Padahal jelas, tidak ada argumentasi hukum yang dapat membenarkannya. Hal ini menjadi alarm bagi negara hukum Indonesia, bagaimana mungkin sebuah lembaga negara menginjak-injak hukum, tanpa ada perlawanan dari pihak-pihak yang dipinggirkan, demikian juga dari publik.

Agar tidak terjadi amnesia berkepanjangan, tulisan ini dimaksud untuk merekonstruksi kasus pemilihan pimpinan DPD tersebut berikut alternatif penyelesaian kasus, sekaligus mendorong pihak-pihak yang dipinggirkan (terutama pimpinan yang sah) untuk menempuh jalur legal-konstitusional agar tidak ada pembiaran terhadap pelanggaran hukum yang luar biasa tersebut.

Etis dan yuridis

Gonjang-ganjing pembatasan jabatan pimpinan DPD dari lima tahun menjadi 2,5 tahun sudah mencuat sejak 2015, tidak lama setelah trio Irman Gusman, GKR Hemas, dan Farouk Muhammad terpilih sebagai pimpinan DPD periode 2014-2019. Pemicunya, antara lain, ketidakpuasan terhadap kinerja Irman Gusman sebagai Ketua DPD, yang terpilih untuk kedua kalinya setelah sebelumnya menjabat pada periode 2009-2014. Irman juga menjadi Wakil Ketua DPD periode 2004-2009. Bisa dibilang, ia satu-satunya pimpinan lembaga negara yang terpilih berkali-kali.

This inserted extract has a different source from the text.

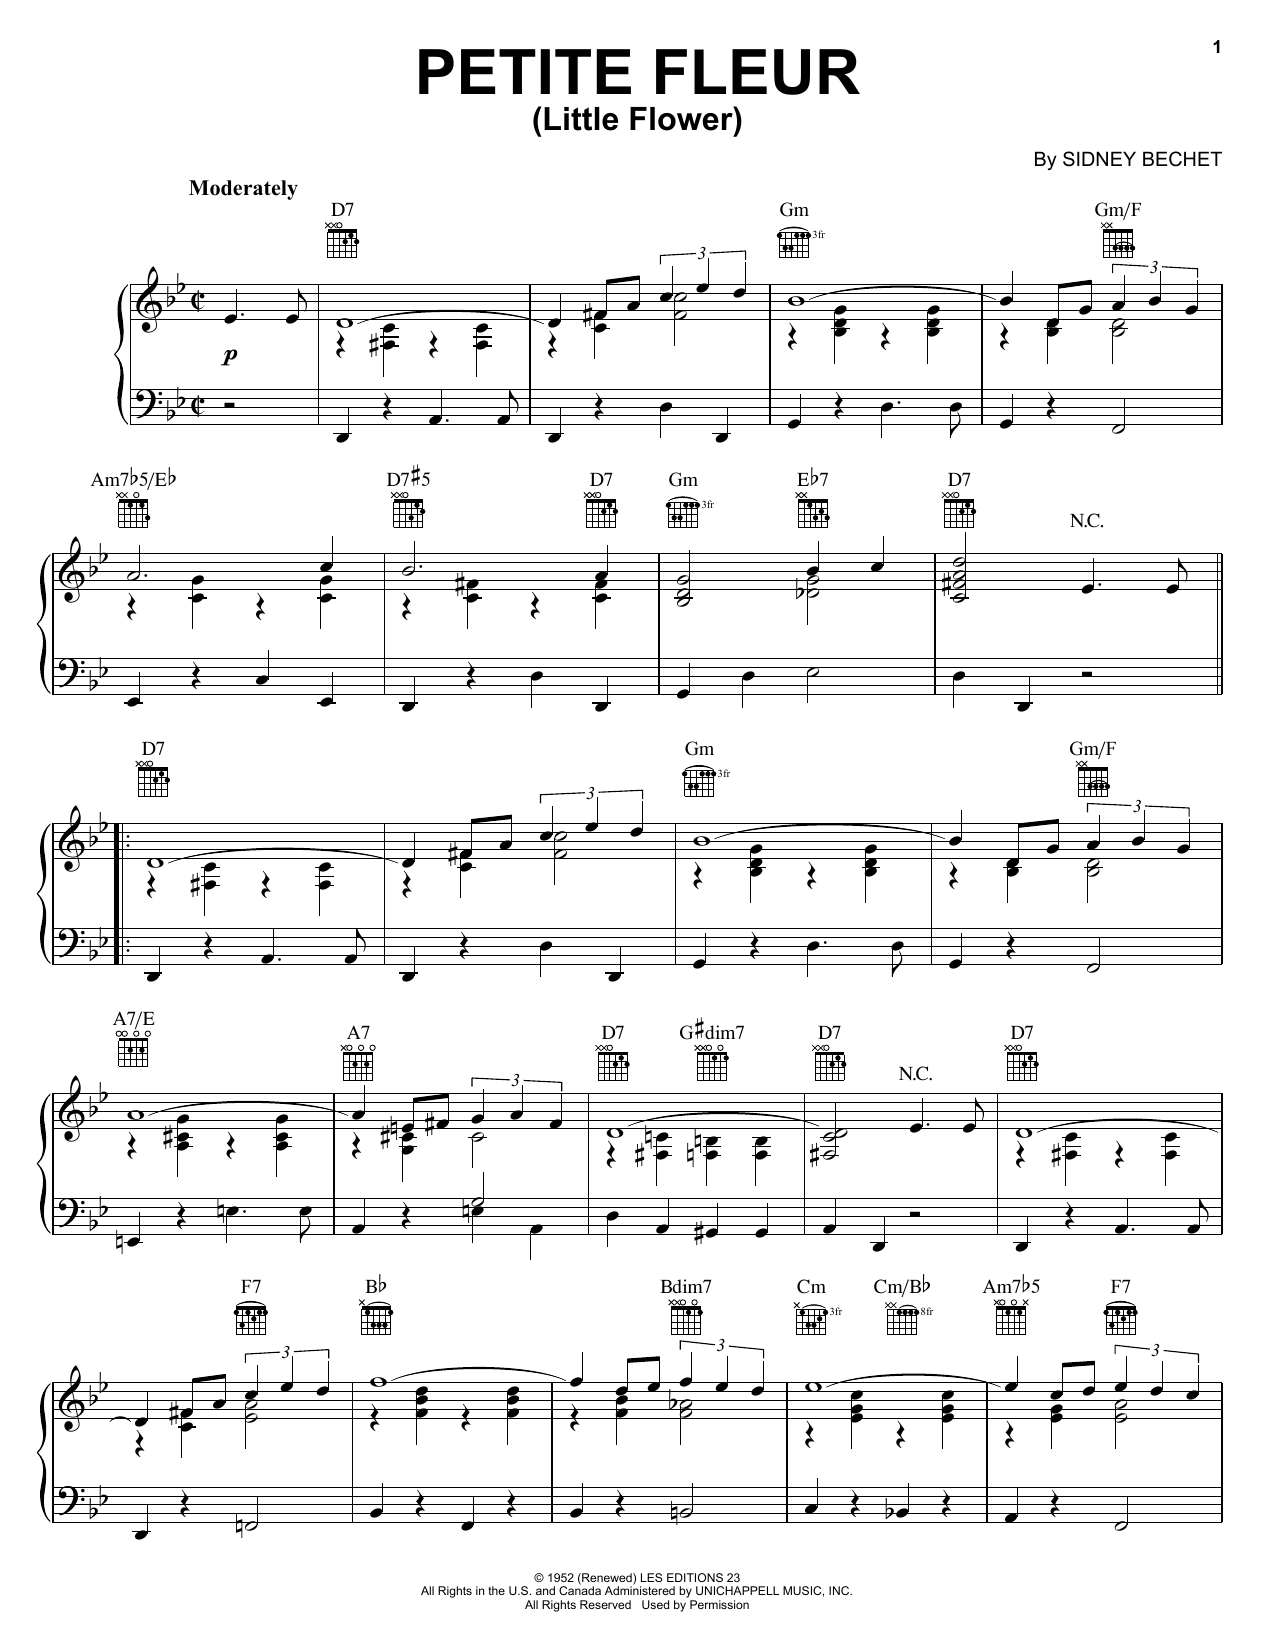 Sidney Bechet Petite Fleur (Little Flower) Sheet Music Notes & Chords for Guitar - Download or Print PDF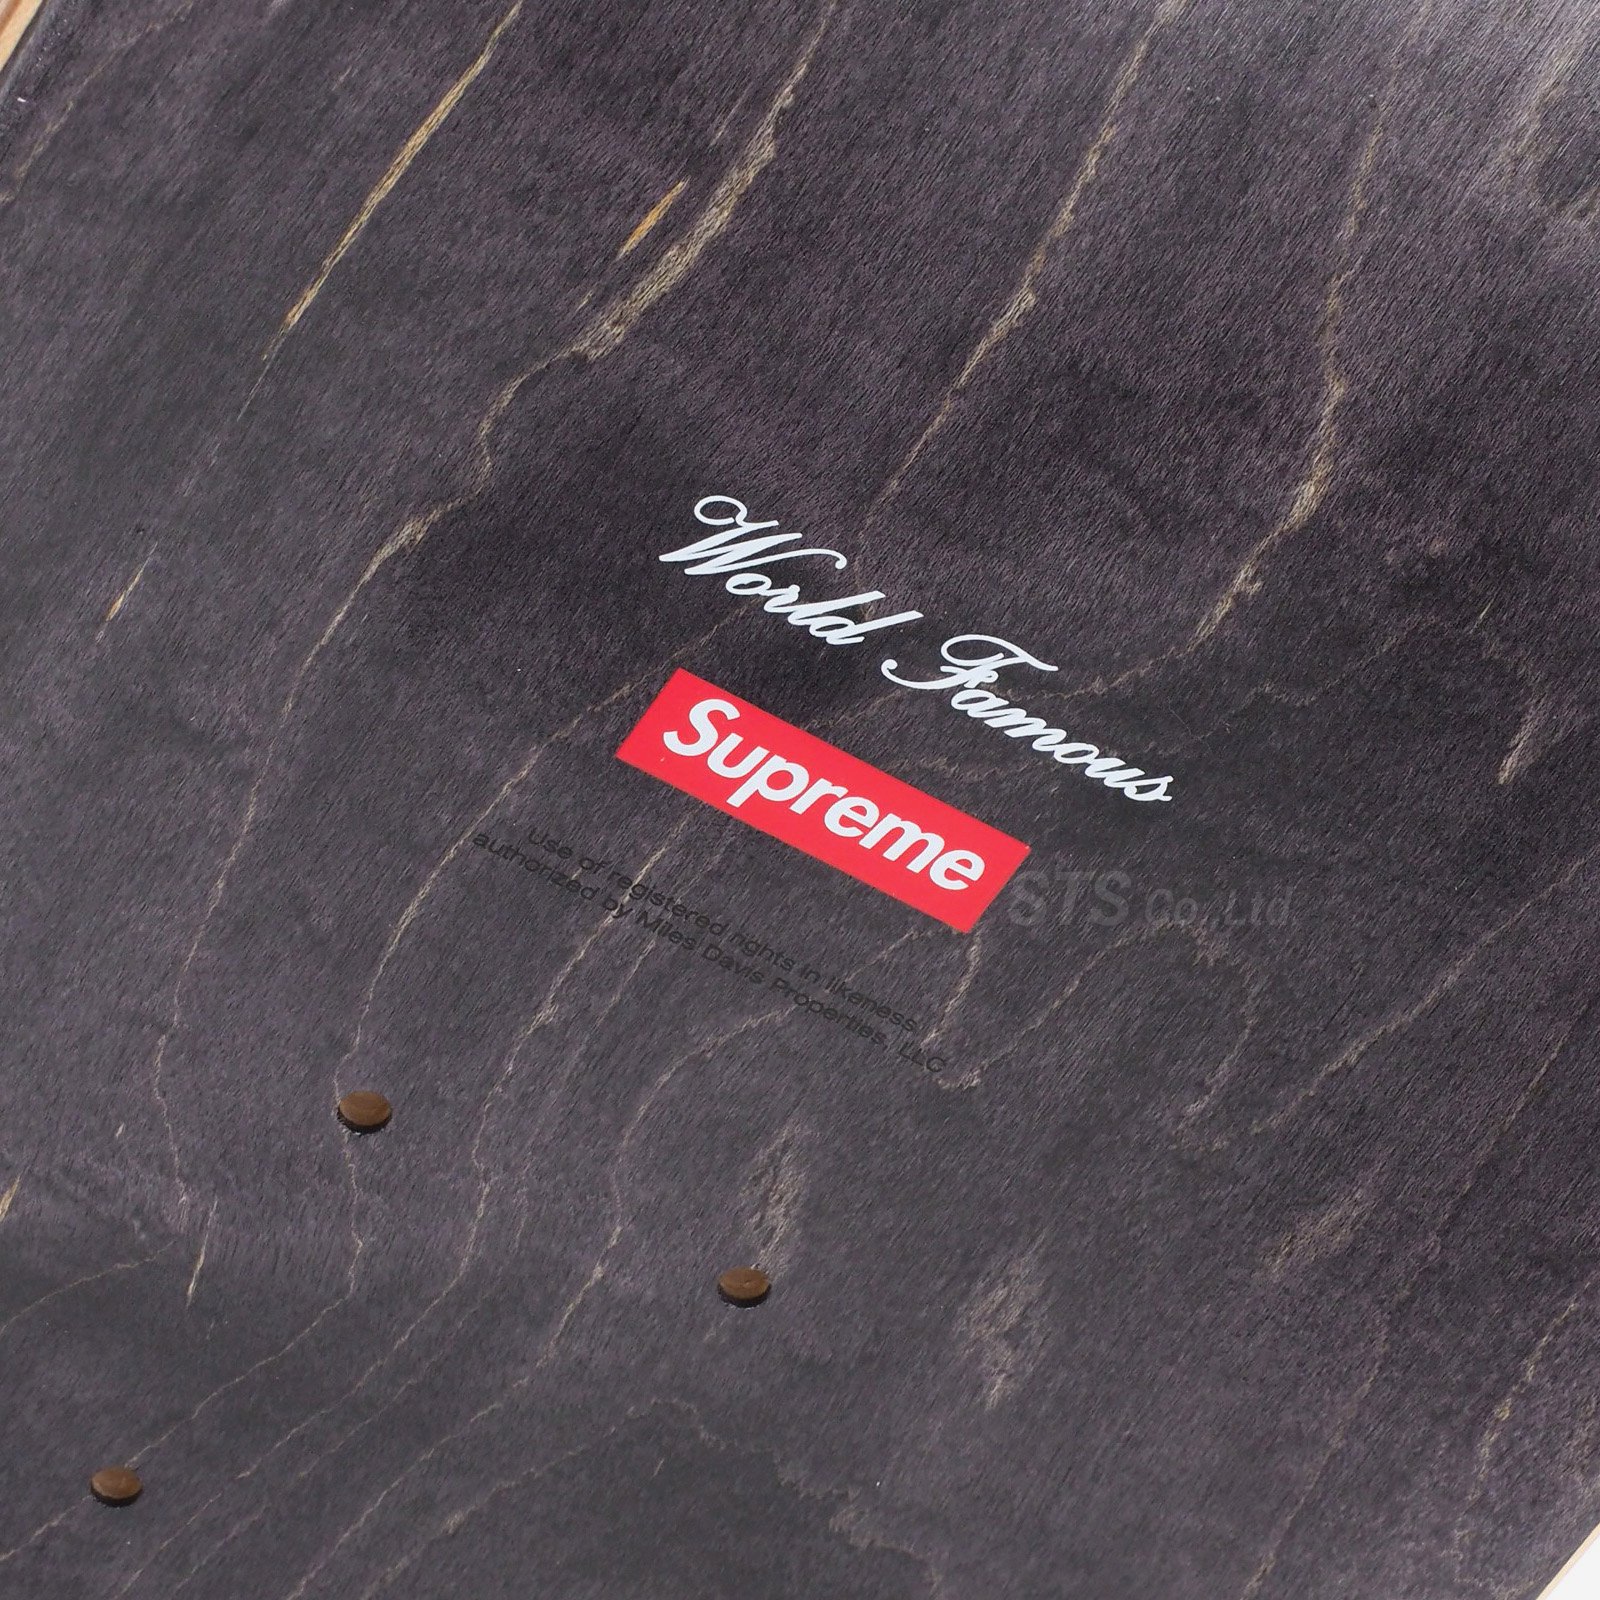 Supreme - Miles Davis Skateboard - UG.SHAFT

Betapapun tidak sukanya sebagian anggota DPD terhadap kepemimpinan Irman, memotong masa jabatan dari lima tahun menjadi 2,5 tahun sangat tidak etis. Ketika seseorang menjabat, hal yang paling jamak diketahui adalah berapa lama ia akan menjabat, yang kemudian diterjemahkan ke dalam suatu surat keputusan. Berapa lama menjabat tersebut didasarkan pada aturan yang sebelumnya memang sudah ada.

Tata Tertib (Tatib) DPD Nomor 1 Tahun 2014, yang berlaku pada saat pemilihan Oktober 2014, menyatakan masa jabatan pimpinan DPD sama dengan masa keanggotaan DPD (lima tahun). Berdasarkan ketentuan inilah pimpinan DPD dipilih sehingga otomatis mereka menjabat hingga 2019. Sangat tidak etis ketika masa jabatan tersebut dipotong di tengah jalan melalui rekayasa perubahan tatib.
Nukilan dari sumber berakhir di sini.